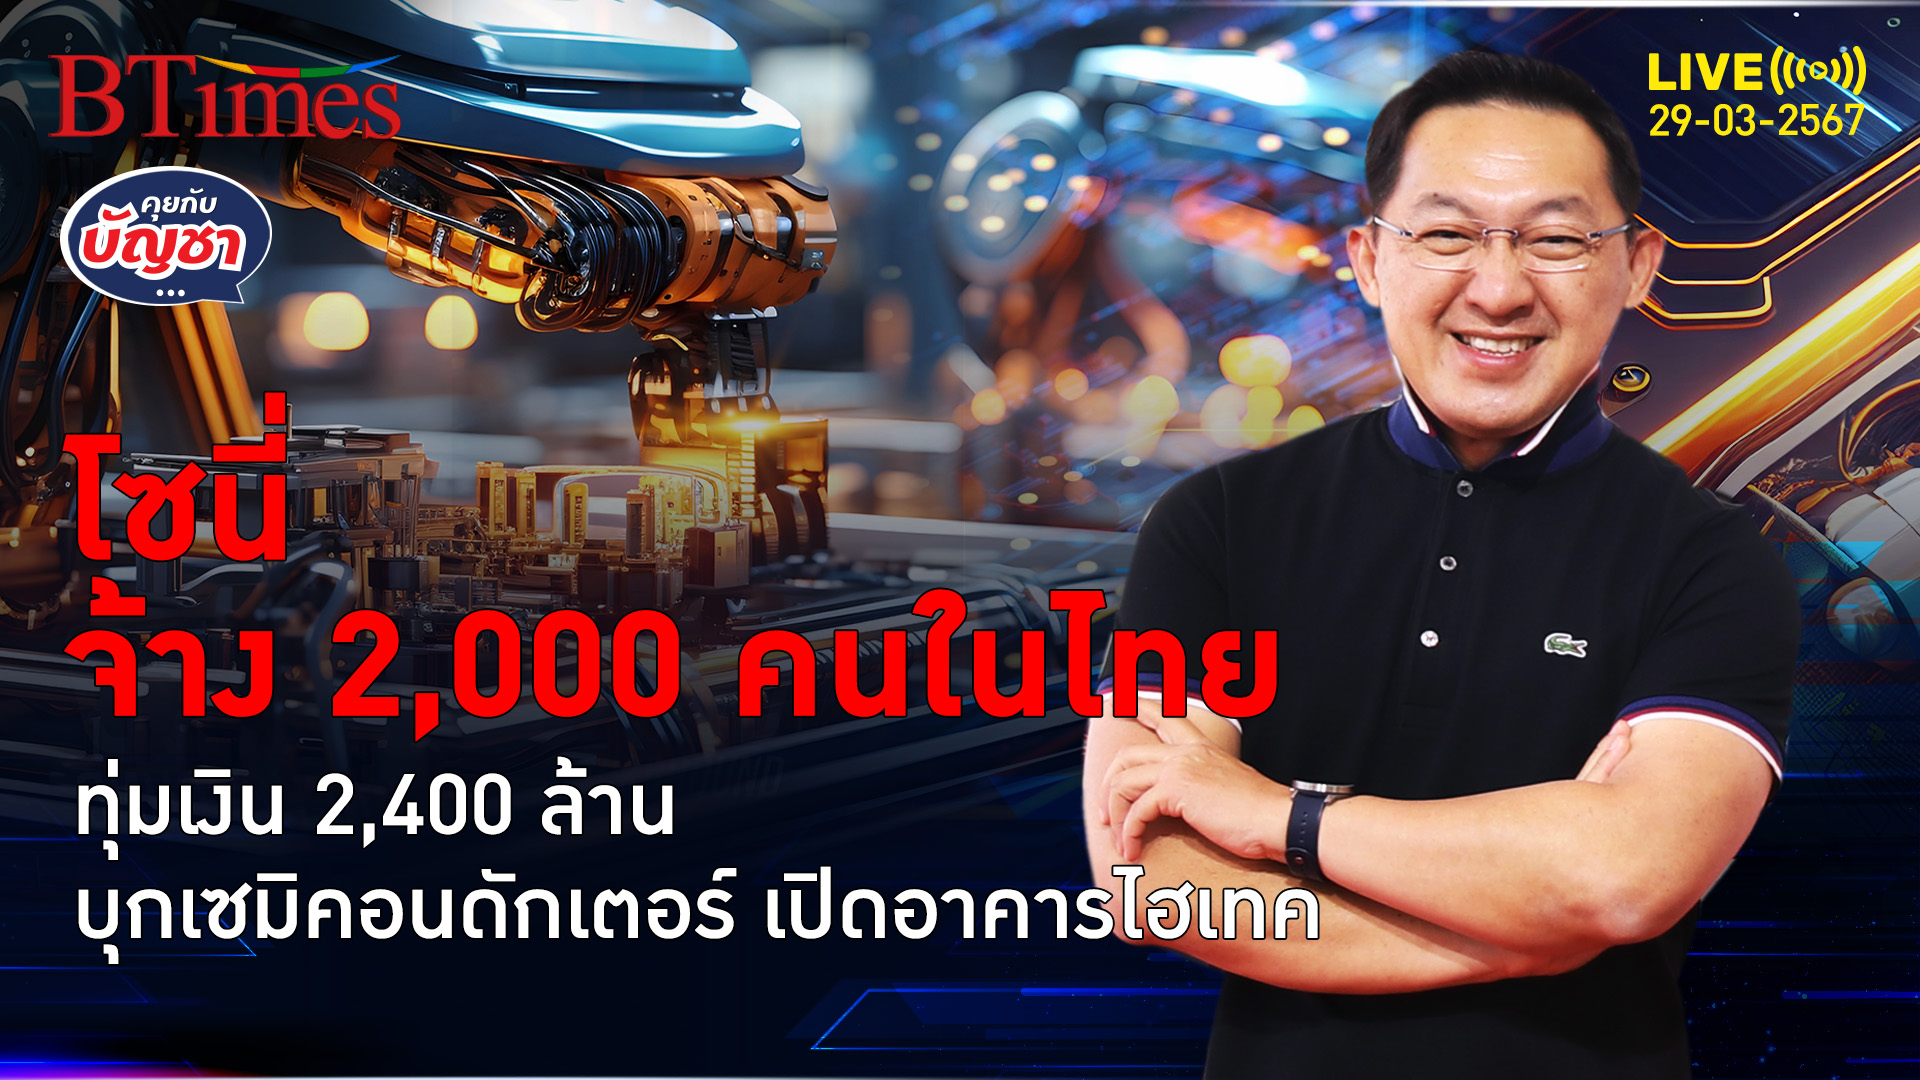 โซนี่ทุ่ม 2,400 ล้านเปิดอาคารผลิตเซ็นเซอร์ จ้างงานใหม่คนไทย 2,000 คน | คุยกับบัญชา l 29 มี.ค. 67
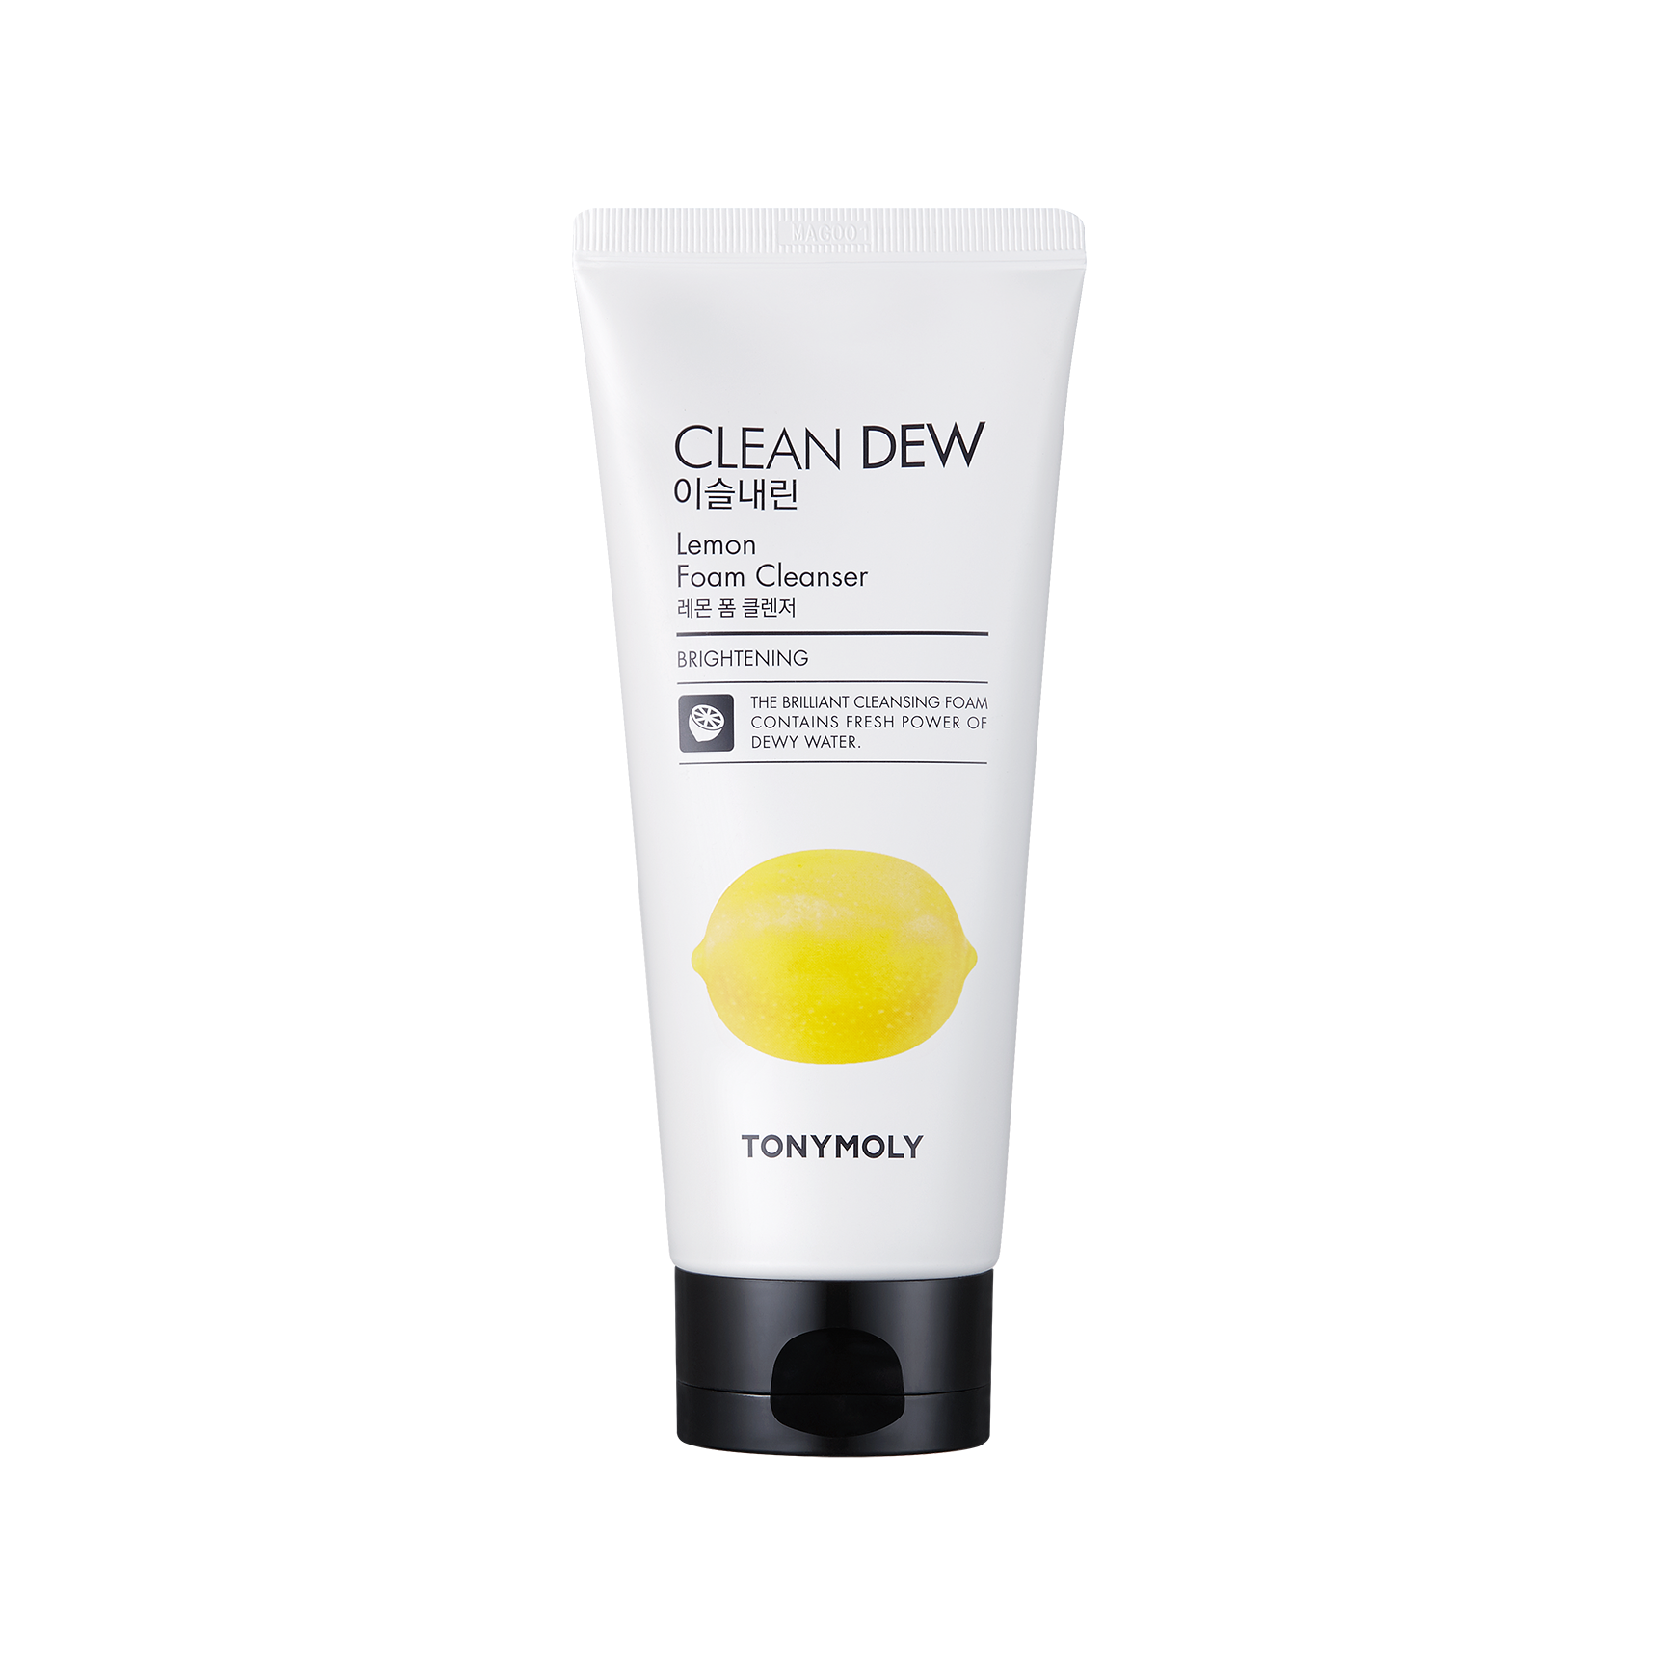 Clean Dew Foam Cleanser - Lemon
--------------------------------------------------
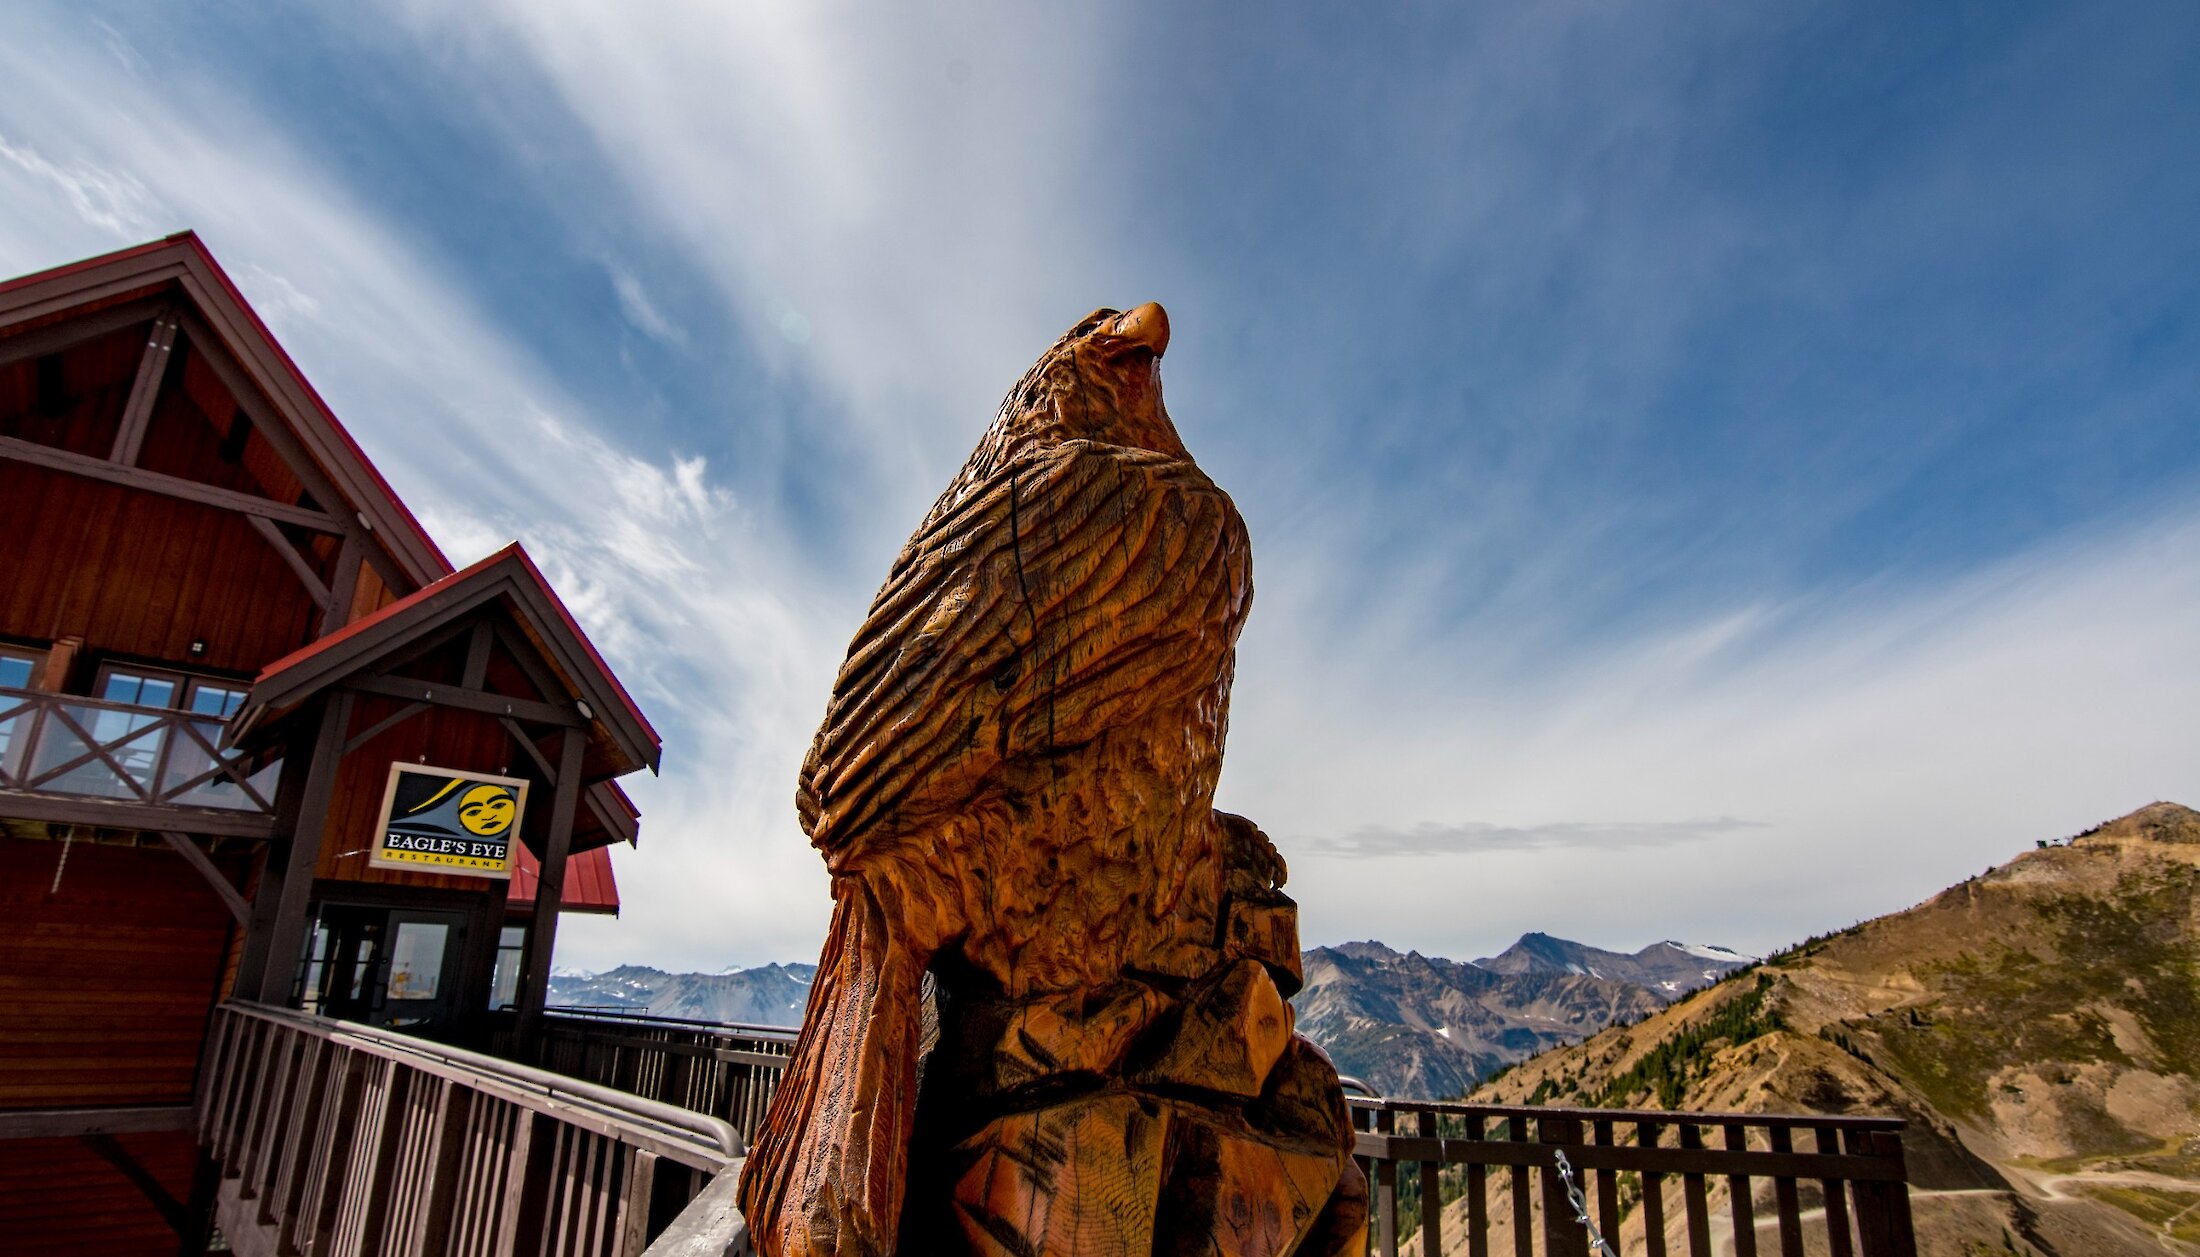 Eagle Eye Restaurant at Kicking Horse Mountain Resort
--------------------------------------------------
Above are the records; copy exactly the lines from the one with "โซนี่ทุ่ม 2,400 ล้านเปิดอาคารผลิตเซ็นเซอร์" through the one with "Clean Dew Foam Cleanser - Lemon", including both, and nothing more. Leave out pictures.

Finished exercise ->
 โซนี่ทุ่ม 2,400 ล้านเปิดอาคารผลิตเซ็นเซอร์ จ้างงานใหม่คนไทย 2,000 คน | คุยกับบัญชา l 29 มี.ค. 67
 Clean Dew Foam Cleanser - Lemon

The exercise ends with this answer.